### ASSIGNED TASK
Your task is to output the listing exactly, leaving every image out.

### SUPPLIED MATERIAL
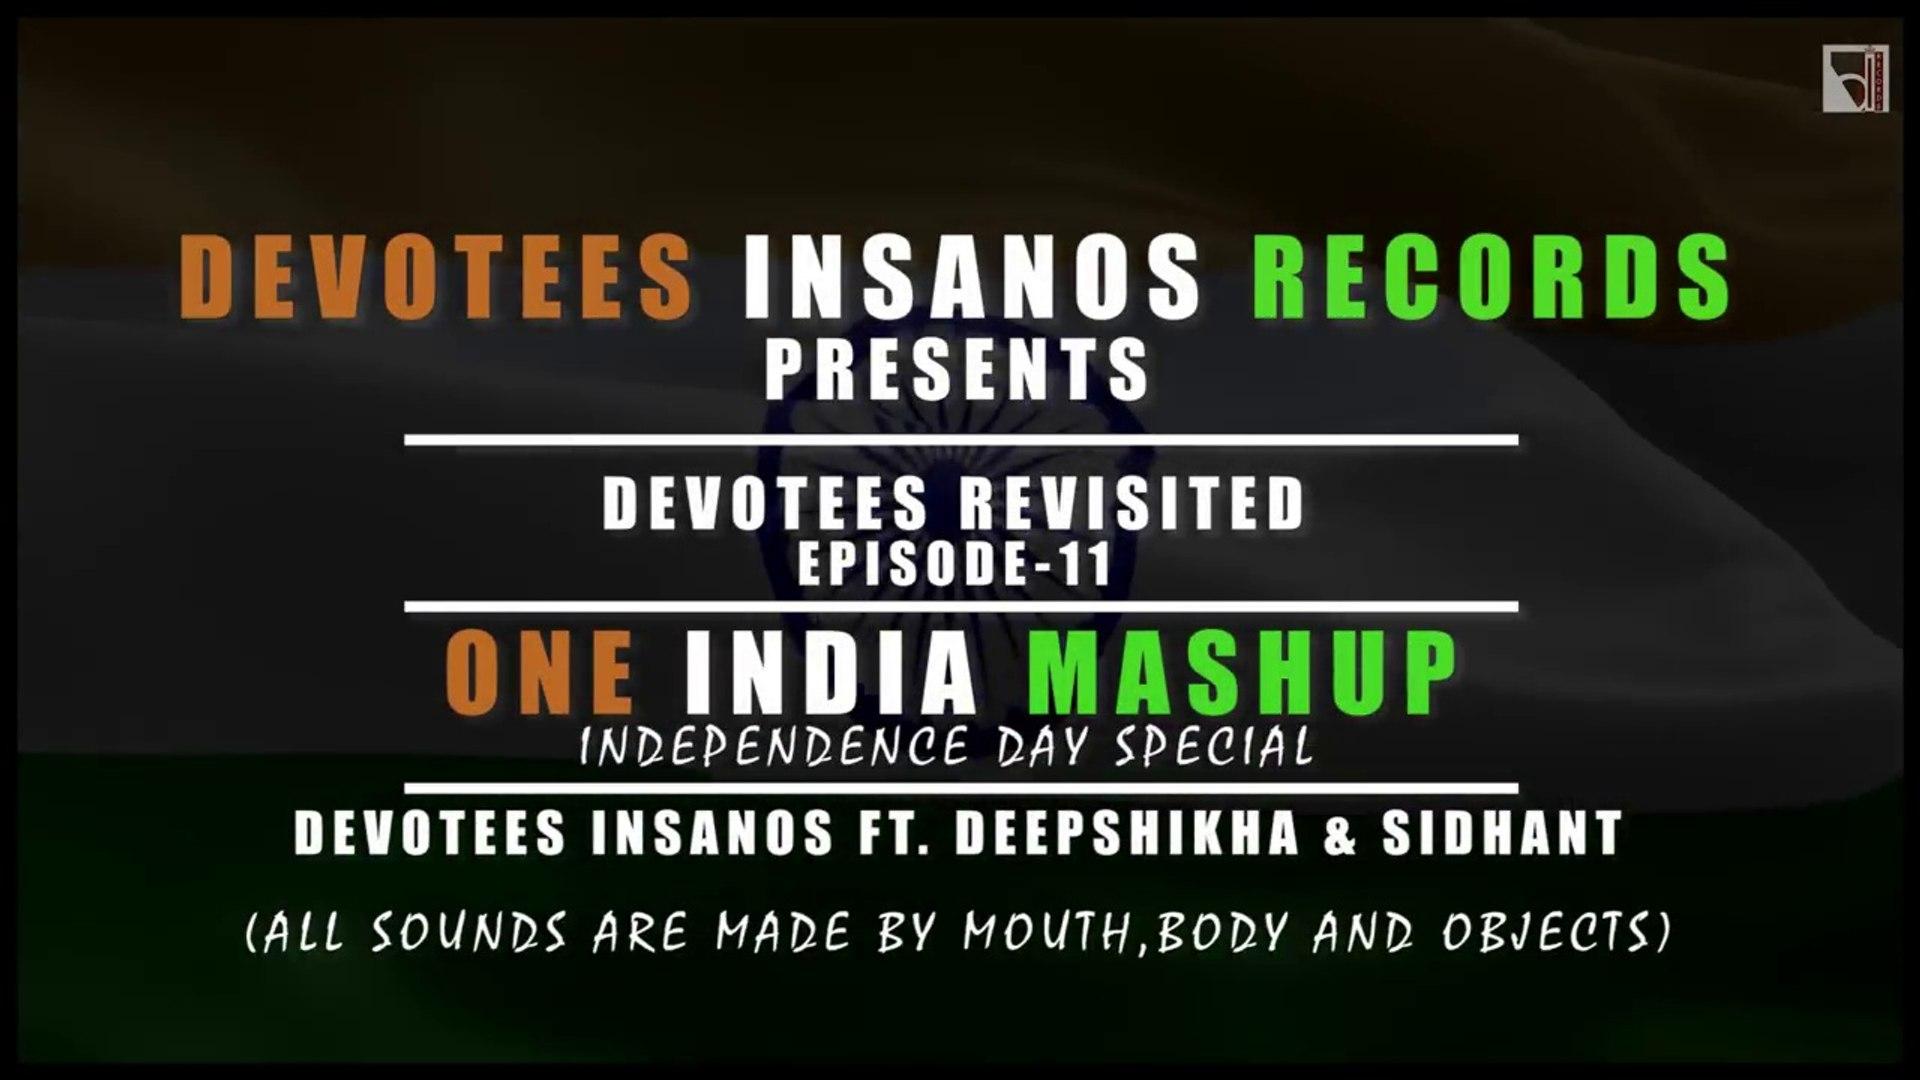 One India Mashup(20 Songs in 5 Min) _ Devotees Insanos ft Deepshikha 26  january spacile
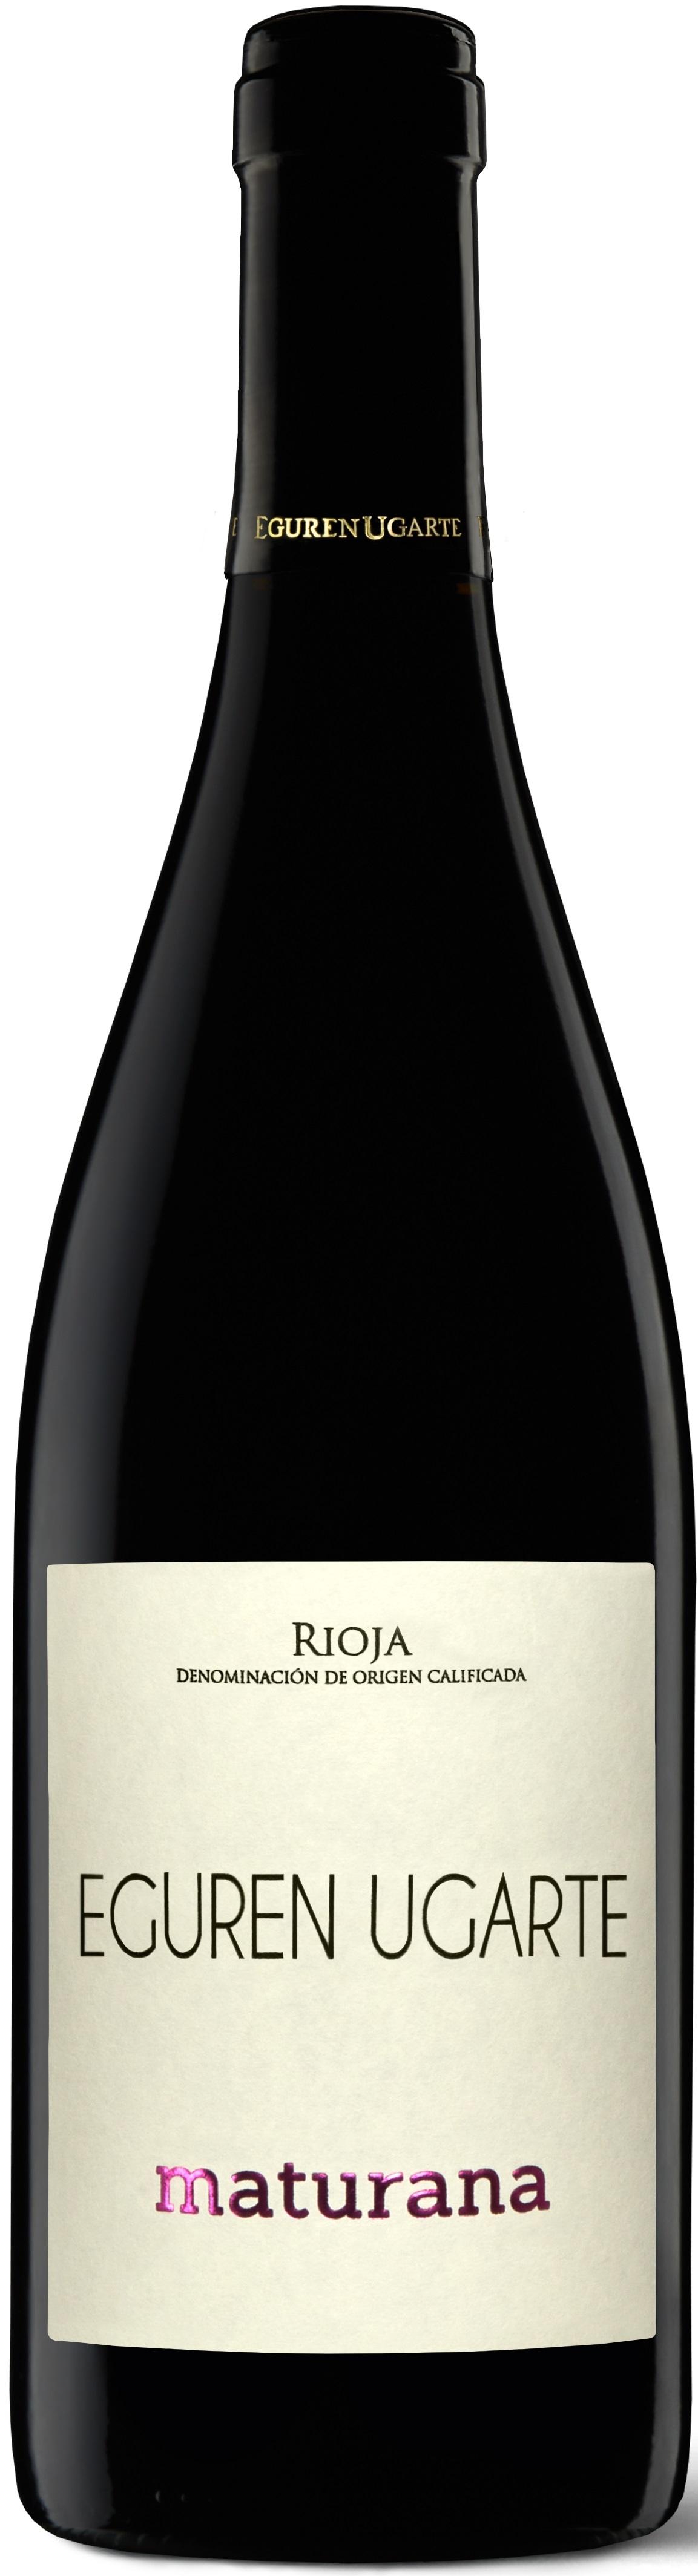 Caudalia wine Box Agosto 2021 Bodega Eguren Ugarte - Maturana - 2016 - Rioja - España
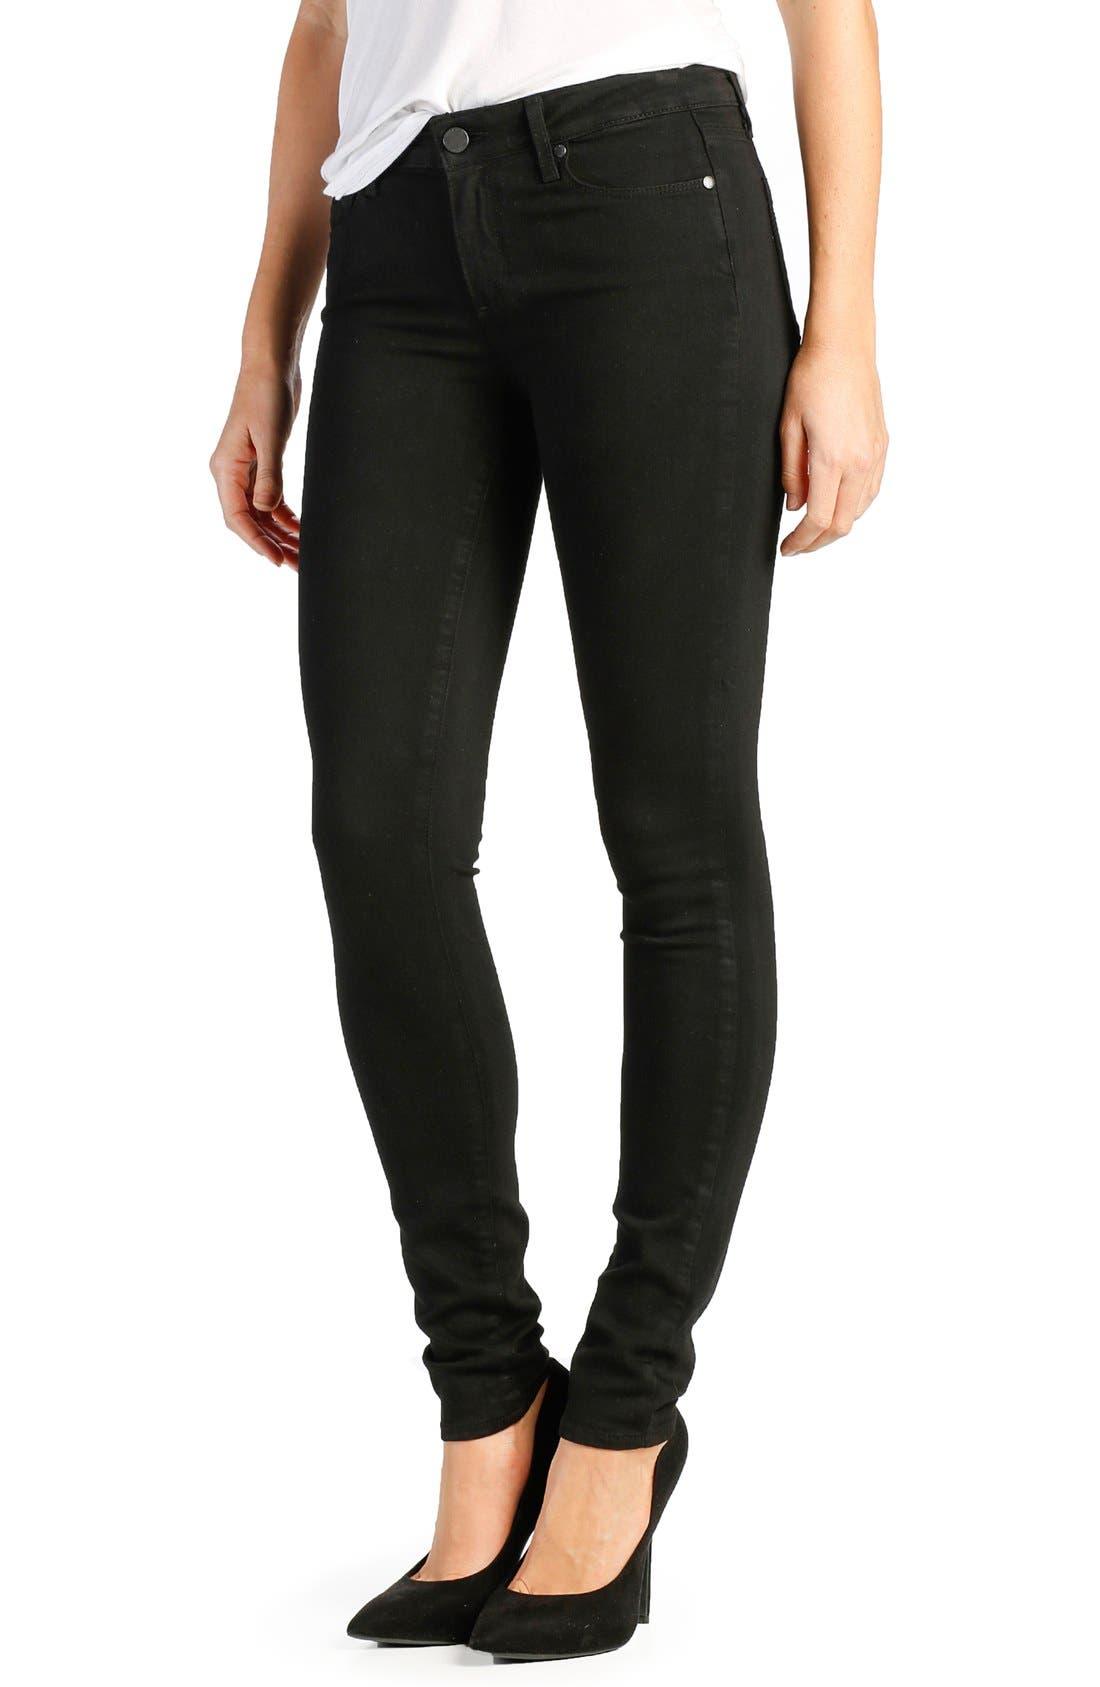 PAIGE Transcend -Leggy Ultra Skinny Jeans, Main, color, BLACK SHADOW

### OUTPUT FOR THIS EXERCISE
 One India Mashup(20 Songs in 5 Min) _ Devotees Insanos ft Deepshikha 26  january spacile
 Caudalia wine Box Agosto 2021 Bodega Eguren Ugarte - Maturana - 2016 - Rioja - España
 PAIGE Transcend -Leggy Ultra Skinny Jeans, Main, color, BLACK SHADOW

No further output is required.